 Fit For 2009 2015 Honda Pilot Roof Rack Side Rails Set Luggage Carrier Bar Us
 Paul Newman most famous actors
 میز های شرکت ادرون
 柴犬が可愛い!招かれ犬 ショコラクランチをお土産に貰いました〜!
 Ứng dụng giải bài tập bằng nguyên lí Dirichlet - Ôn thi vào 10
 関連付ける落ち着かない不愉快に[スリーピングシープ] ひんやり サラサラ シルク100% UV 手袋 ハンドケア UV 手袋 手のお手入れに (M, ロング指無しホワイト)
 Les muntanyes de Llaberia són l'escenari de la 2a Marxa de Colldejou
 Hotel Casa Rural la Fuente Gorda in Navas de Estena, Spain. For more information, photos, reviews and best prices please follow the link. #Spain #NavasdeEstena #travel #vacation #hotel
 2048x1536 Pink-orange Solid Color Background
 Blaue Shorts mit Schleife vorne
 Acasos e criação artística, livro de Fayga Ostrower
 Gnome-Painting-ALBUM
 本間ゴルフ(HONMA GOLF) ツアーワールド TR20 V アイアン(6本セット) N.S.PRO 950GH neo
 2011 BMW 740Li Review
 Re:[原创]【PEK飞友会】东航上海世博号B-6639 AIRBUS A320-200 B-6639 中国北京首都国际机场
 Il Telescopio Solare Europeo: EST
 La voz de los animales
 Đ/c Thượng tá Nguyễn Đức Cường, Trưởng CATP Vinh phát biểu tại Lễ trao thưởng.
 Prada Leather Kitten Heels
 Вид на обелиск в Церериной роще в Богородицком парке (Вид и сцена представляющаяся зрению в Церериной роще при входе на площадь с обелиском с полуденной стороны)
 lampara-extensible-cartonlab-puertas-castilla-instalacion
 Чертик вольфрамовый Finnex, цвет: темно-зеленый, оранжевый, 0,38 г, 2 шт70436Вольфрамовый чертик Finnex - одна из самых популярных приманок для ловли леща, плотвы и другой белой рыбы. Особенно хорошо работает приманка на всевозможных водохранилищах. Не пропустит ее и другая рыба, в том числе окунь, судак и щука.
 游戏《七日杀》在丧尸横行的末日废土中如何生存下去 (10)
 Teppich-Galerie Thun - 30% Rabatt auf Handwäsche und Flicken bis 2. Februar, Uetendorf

⁂

- [HOW TO COMPLETE THIS TASK] Give again, word for word, every line of the listing above from the one with "Paul Newman most famous actors" to the one with "Les muntanyes de", both inclusive, and nothing beyond them.

- [RESPONSE TO THE TASK]
 Paul Newman most famous actors
 میز های شرکت ادرون
 柴犬が可愛い!招かれ犬 ショコラクランチをお土産に貰いました〜!
 Ứng dụng giải bài tập bằng nguyên lí Dirichlet - Ôn thi vào 10
 関連付ける落ち着かない不愉快に[スリーピングシープ] ひんやり サラサラ シルク100% UV 手袋 ハンドケア UV 手袋 手のお手入れに (M, ロング指無しホワイト)
 Les muntanyes de Llaberia són l'escenari de la 2a Marxa de Colldejou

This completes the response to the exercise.